[THE DATA — start]

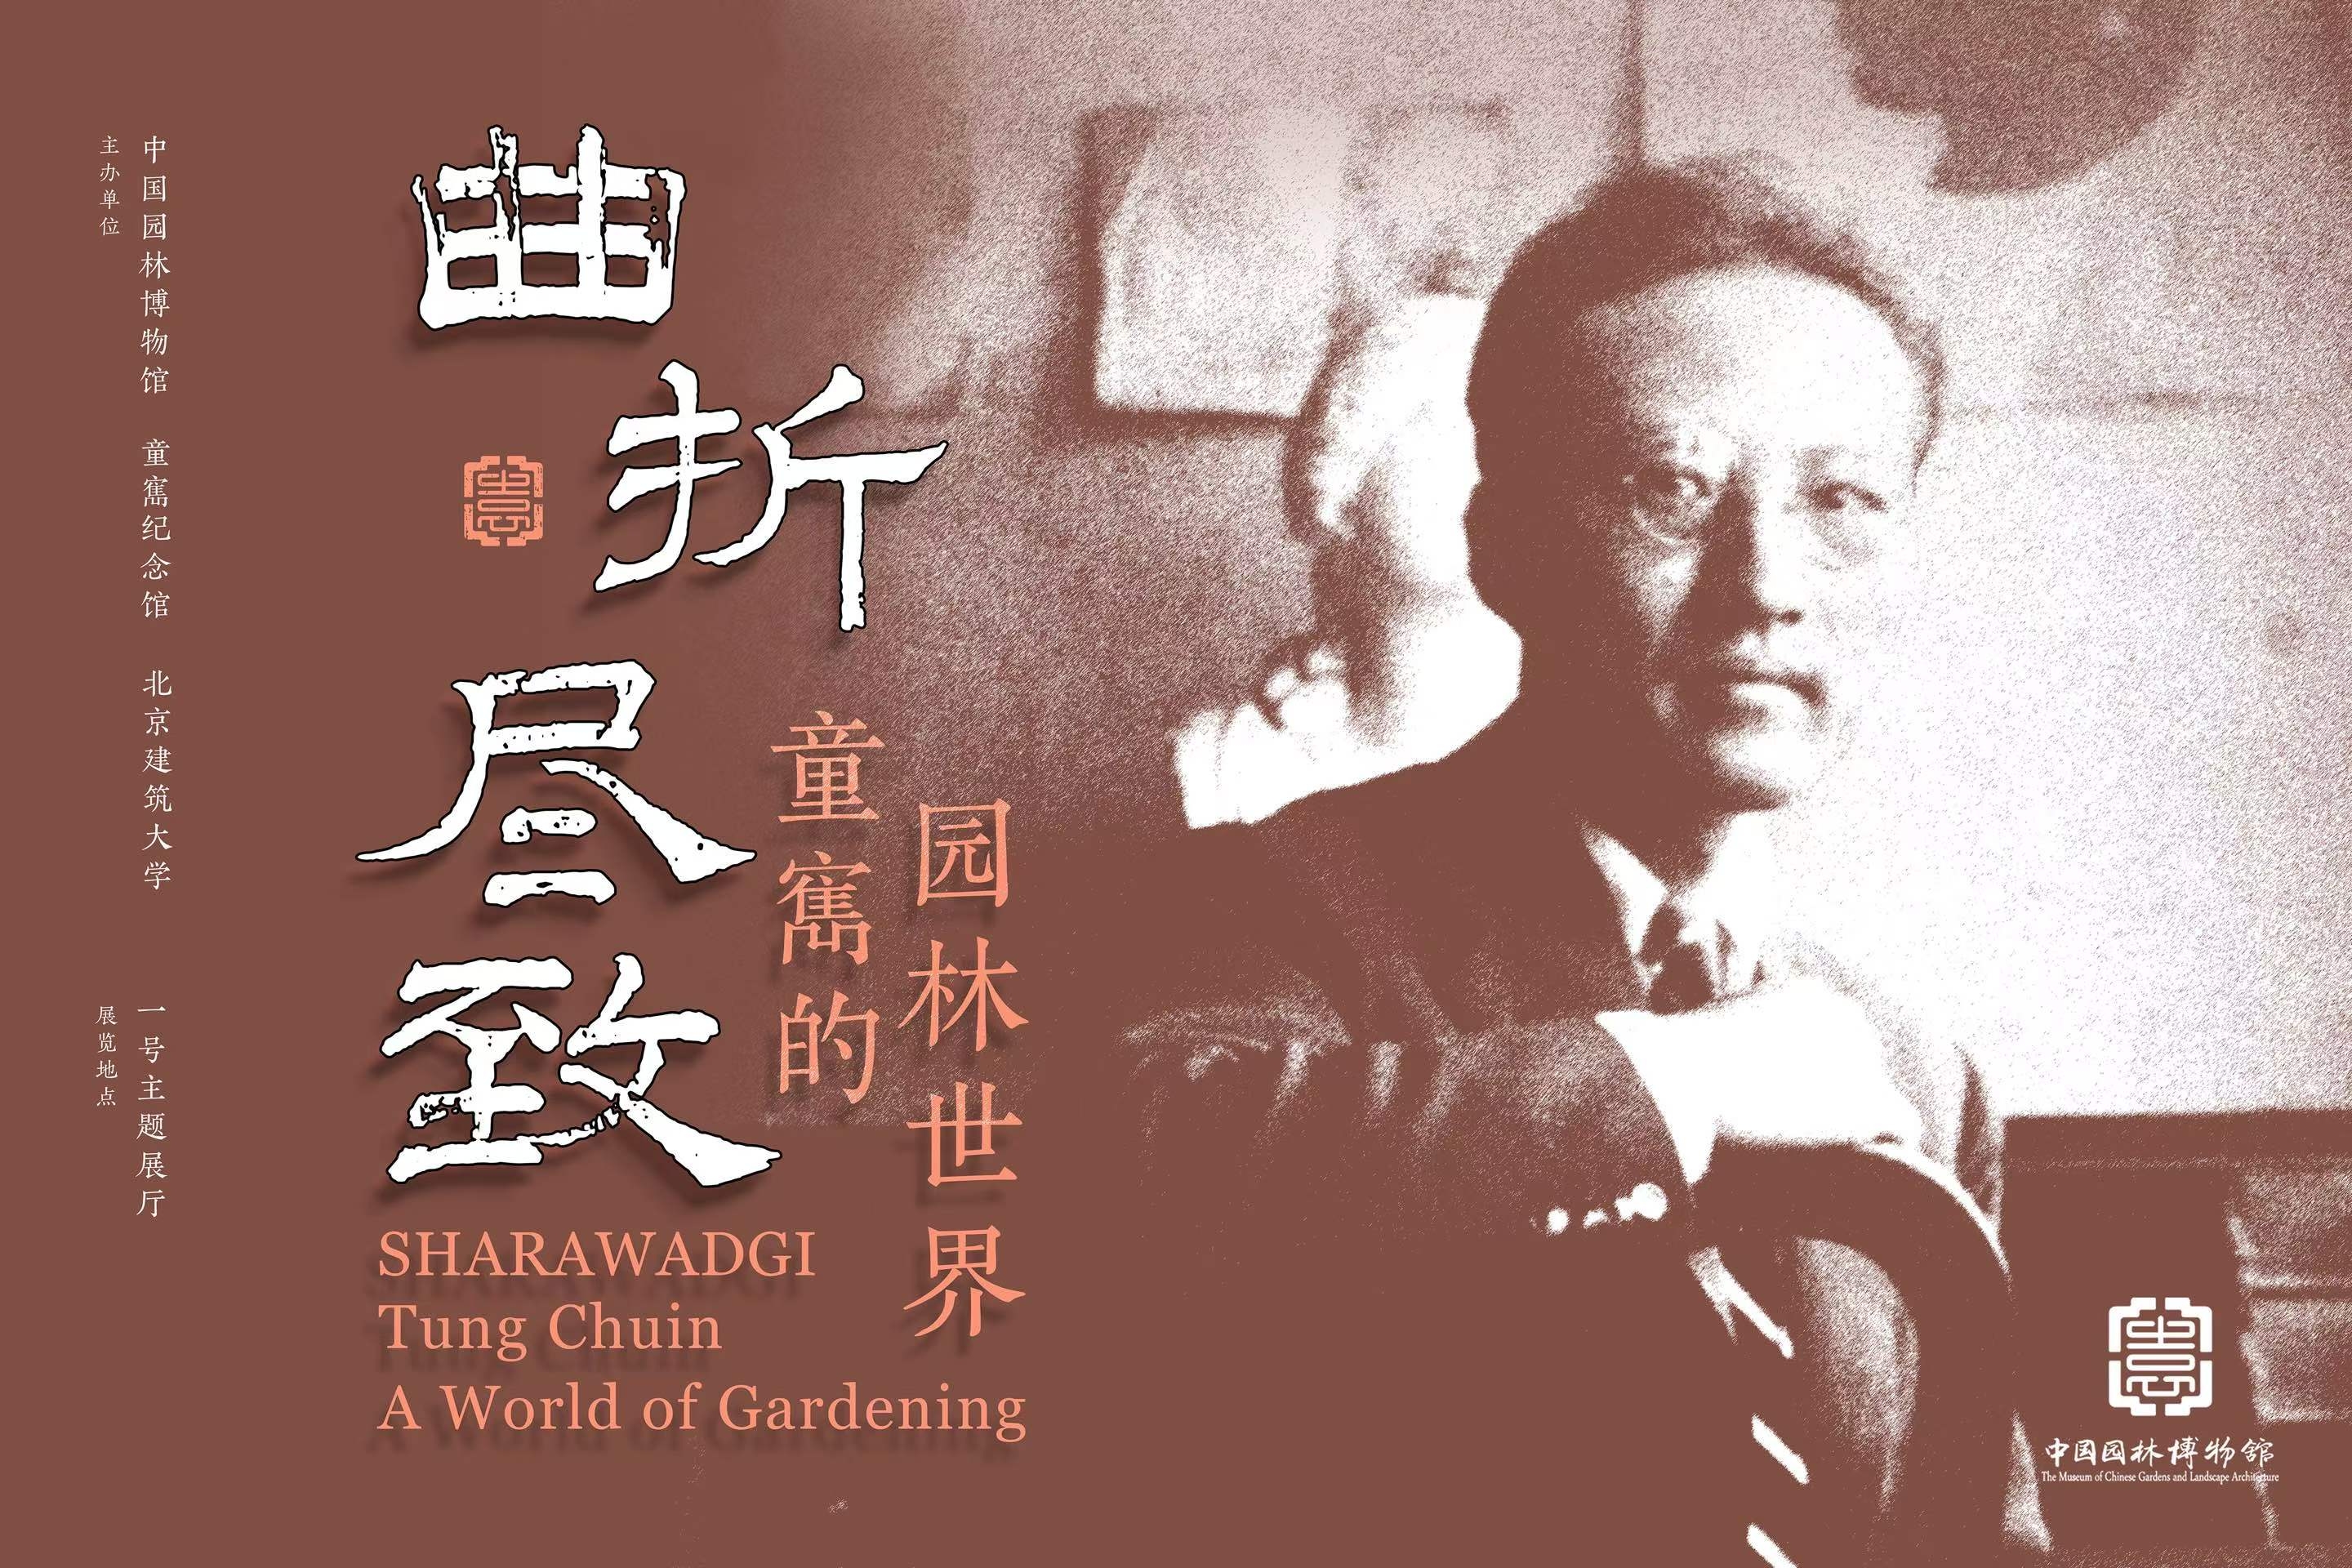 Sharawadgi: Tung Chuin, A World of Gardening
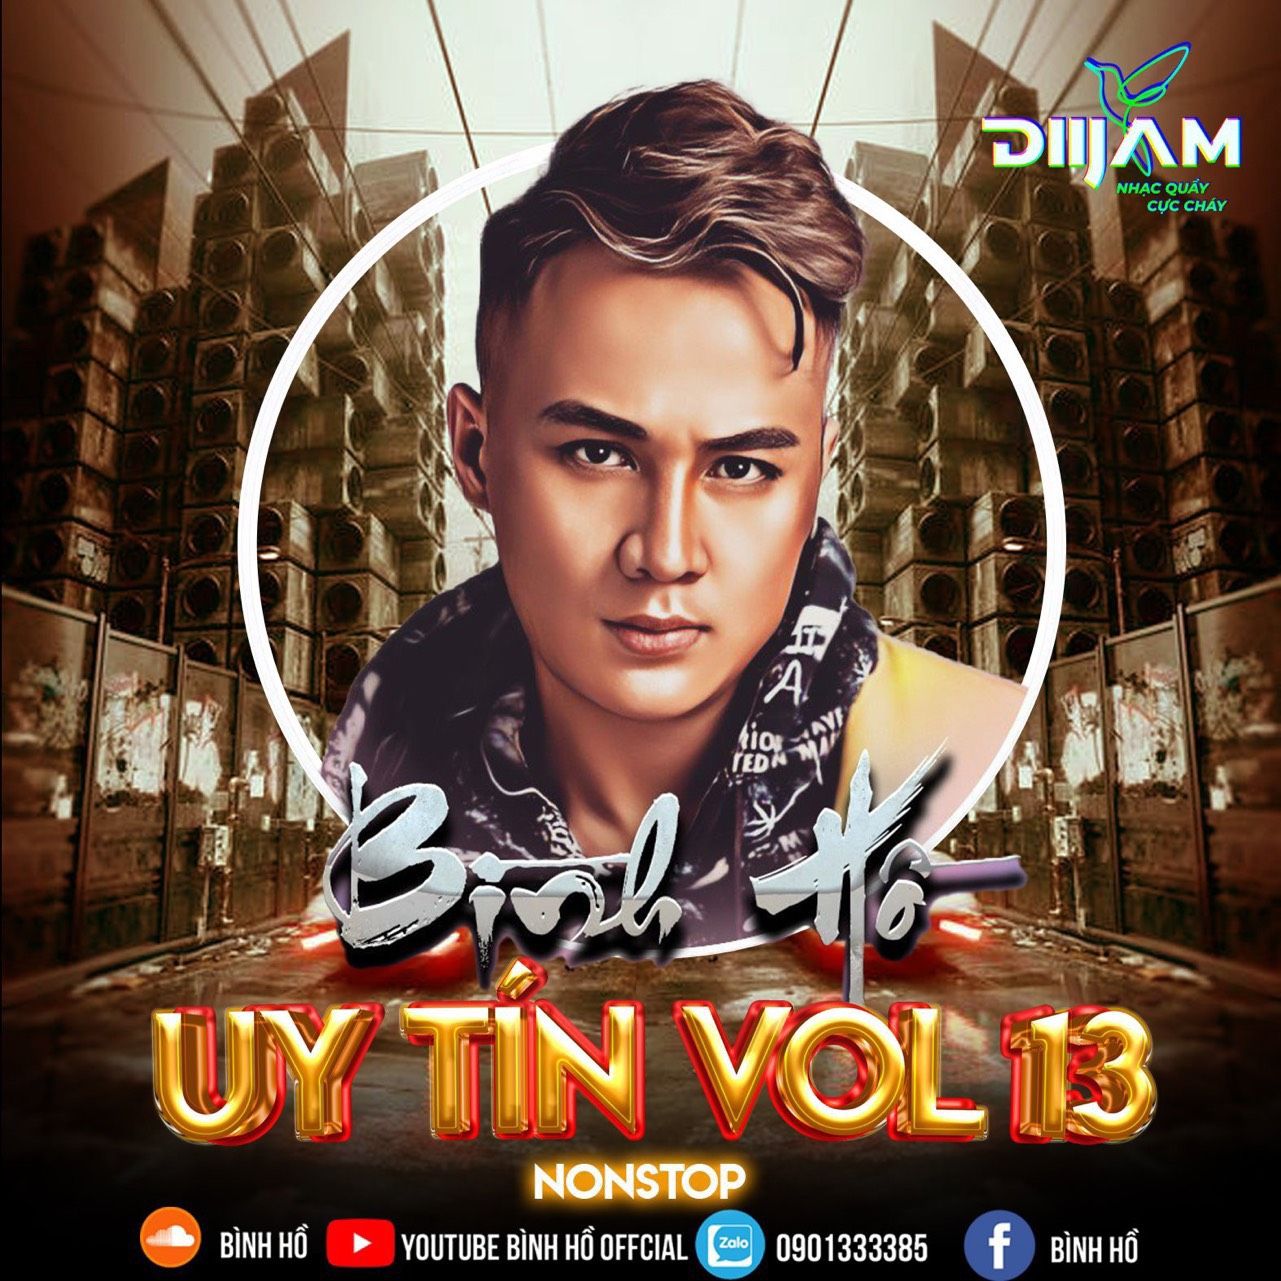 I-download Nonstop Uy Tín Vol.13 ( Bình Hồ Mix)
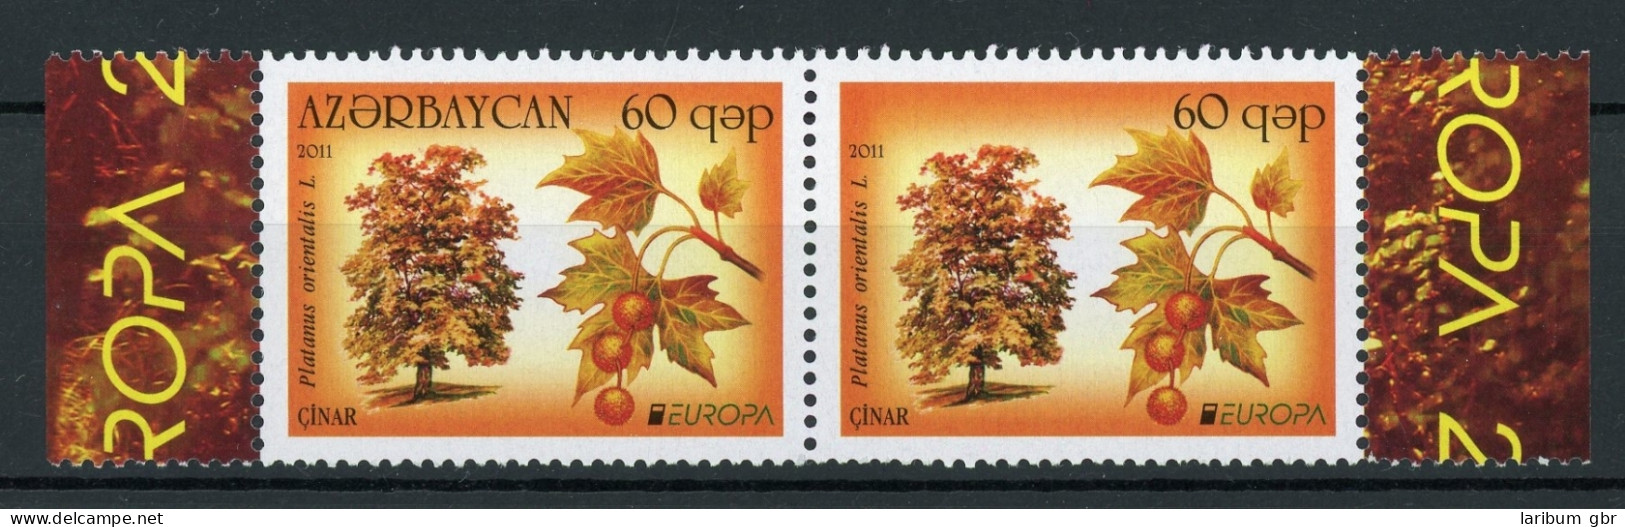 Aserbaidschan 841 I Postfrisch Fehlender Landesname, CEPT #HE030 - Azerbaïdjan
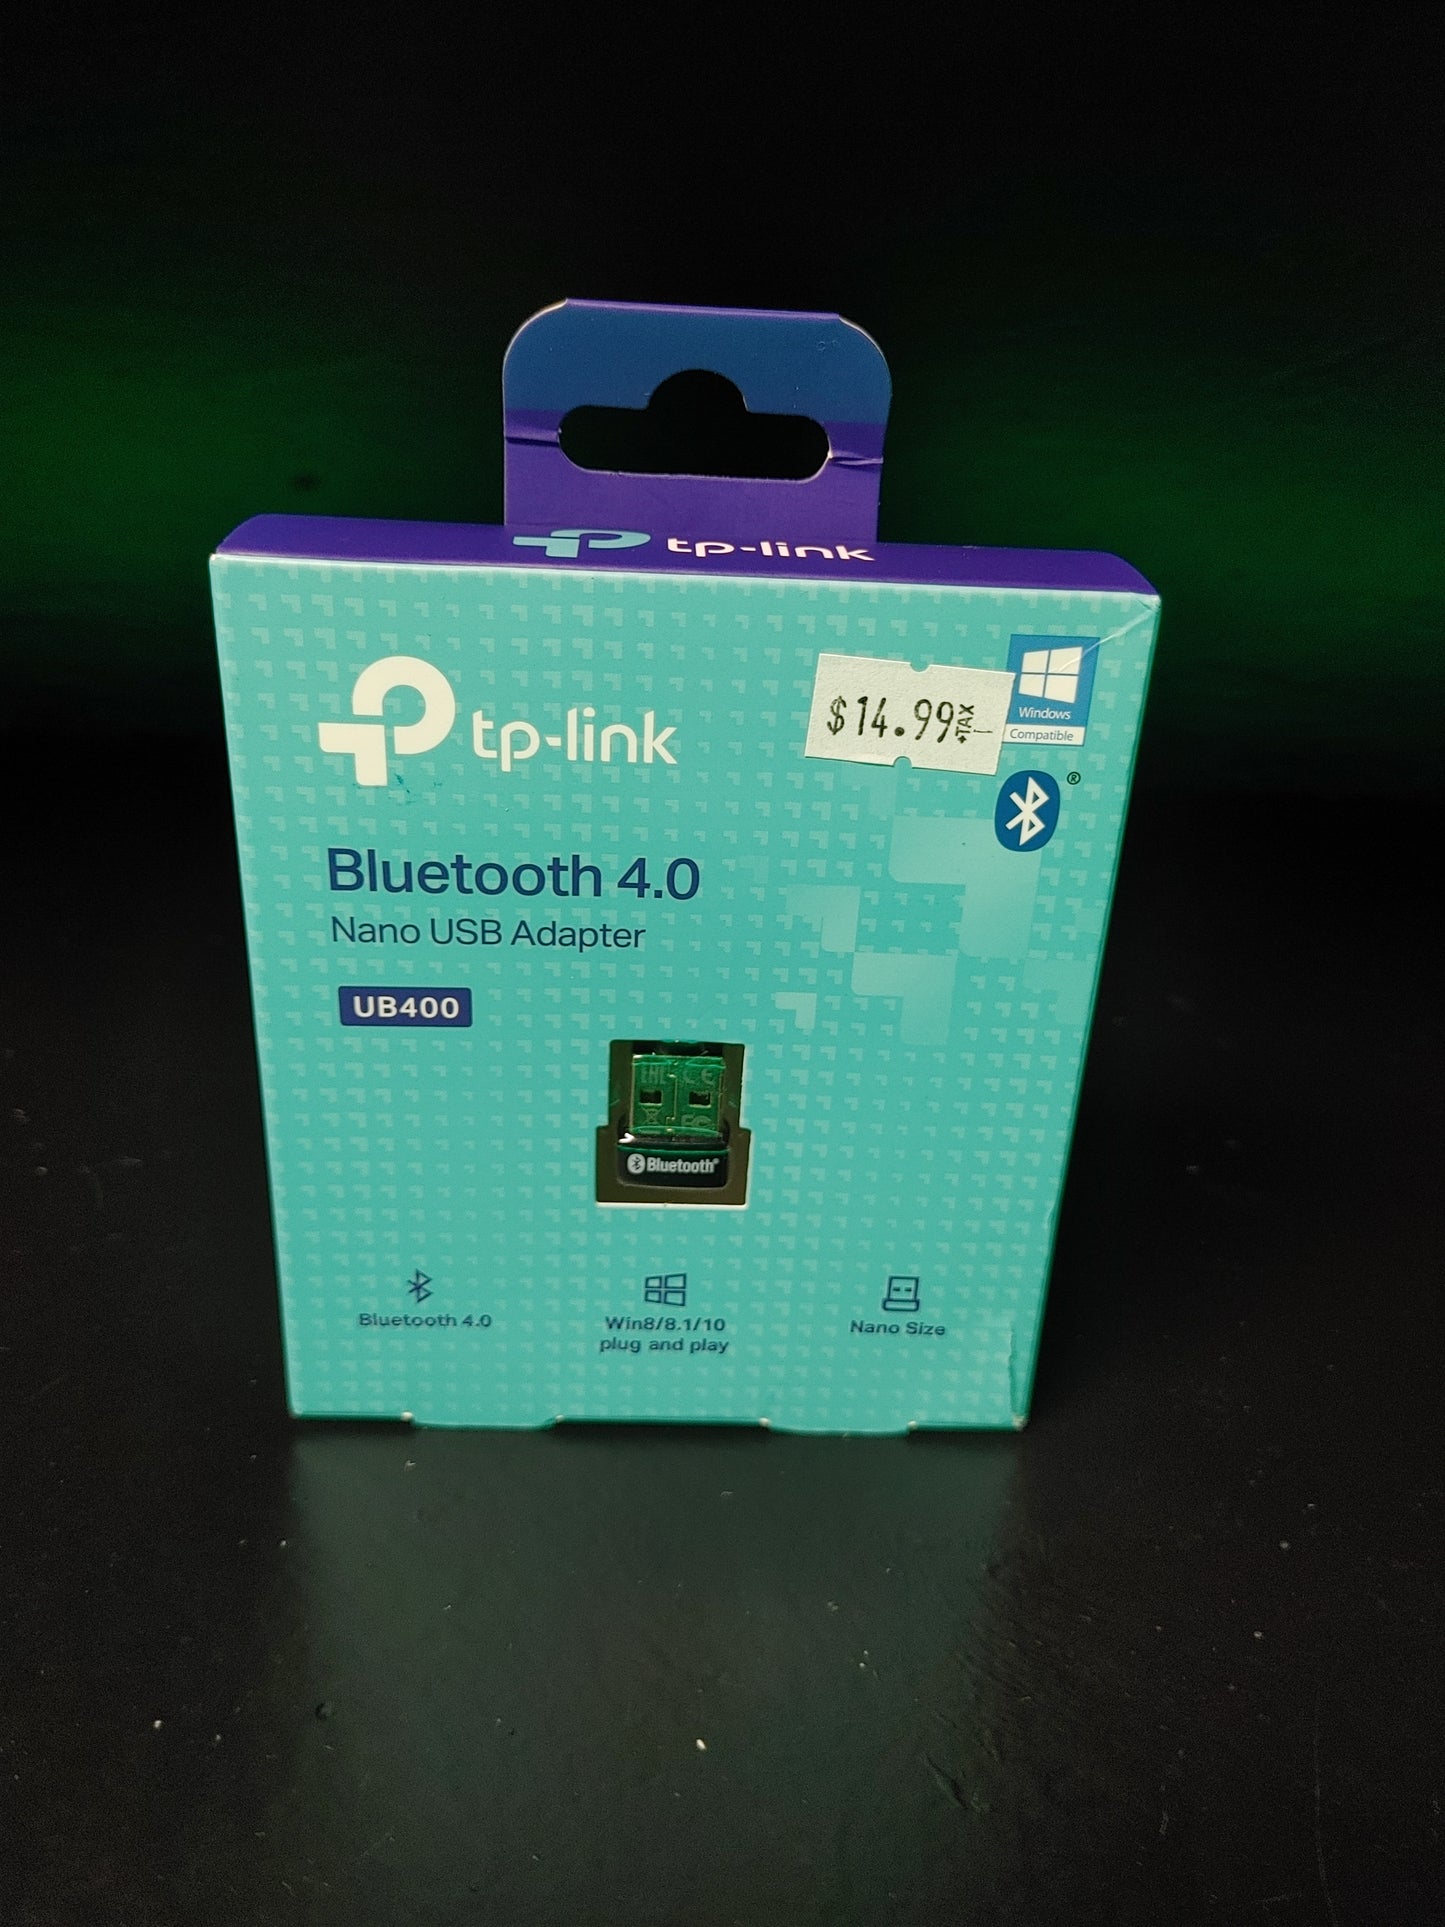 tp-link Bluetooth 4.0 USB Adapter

[THE DATA — finish]

*ABOUT THIS EXERCISE*.
The expected response is every line of the material, written out exactly, with the images removed.

*YOUR SOLUTION*.
 Sharawadgi: Tung Chuin, A World of Gardening
 I-download Nonstop Uy Tín Vol.13 ( Bình Hồ Mix)
 Aserbaidschan 841 I Postfrisch Fehlender Landesname, CEPT #HE030 - Azerbaïdjan
 tp-link Bluetooth 4.0 USB Adapter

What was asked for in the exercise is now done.